» TASK BRIEF:
In the entries below, find the line containing "Mori Lee, 6836, White, Sz" and the line containing "Soaring on the". Copy those two lines and everything between them exactly, and only that.

» DATASET RECORDS:
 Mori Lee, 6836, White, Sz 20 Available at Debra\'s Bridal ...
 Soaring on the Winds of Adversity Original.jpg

---

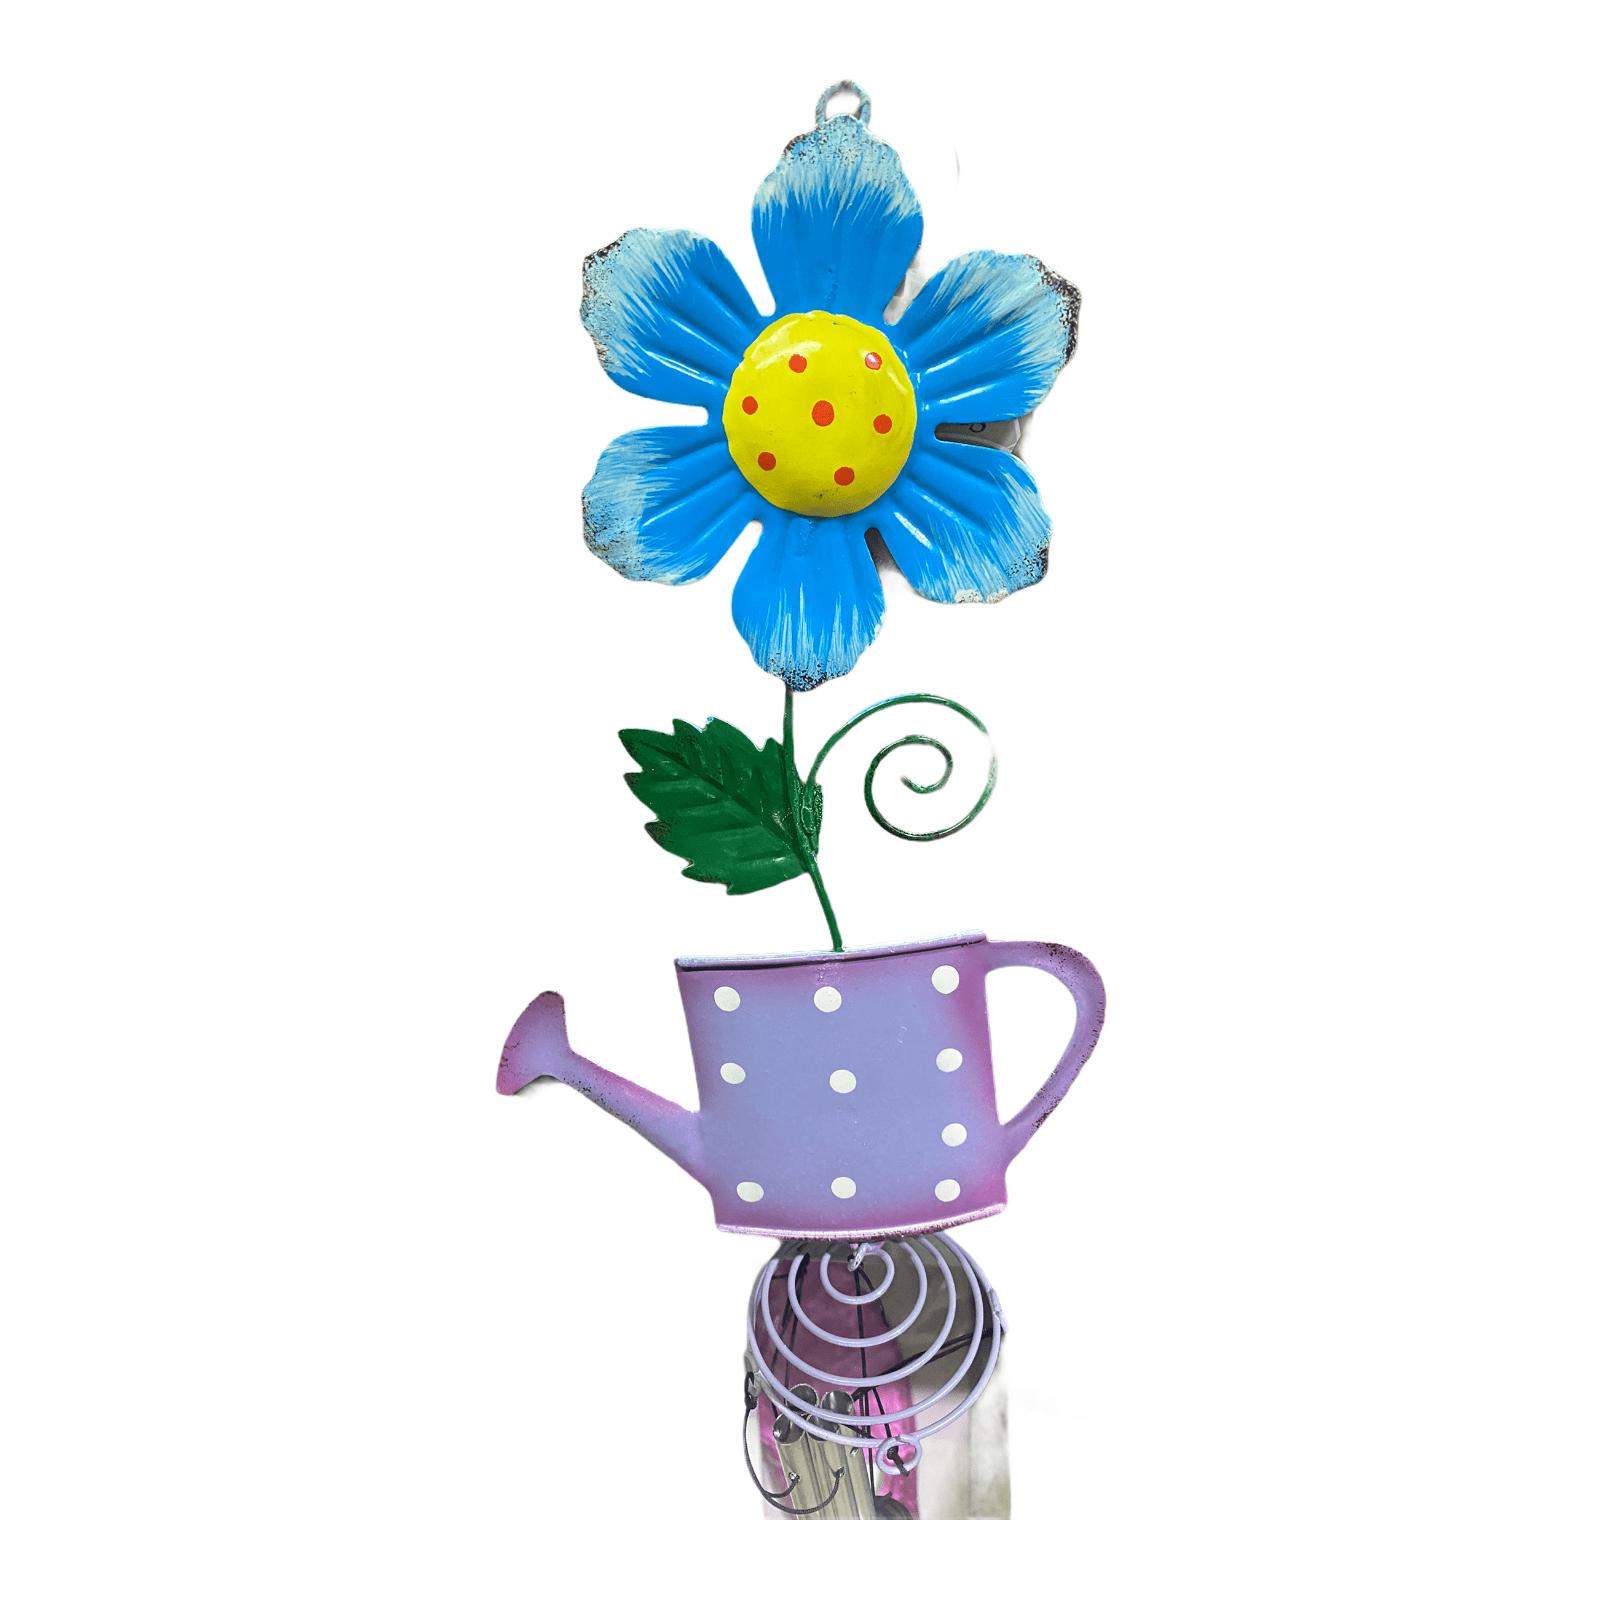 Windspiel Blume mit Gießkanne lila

» ANSWER TO THIS EXERCISE:
 Mori Lee, 6836, White, Sz 20 Available at Debra\'s Bridal ...
 Soaring on the Winds of Adversity Original.jpg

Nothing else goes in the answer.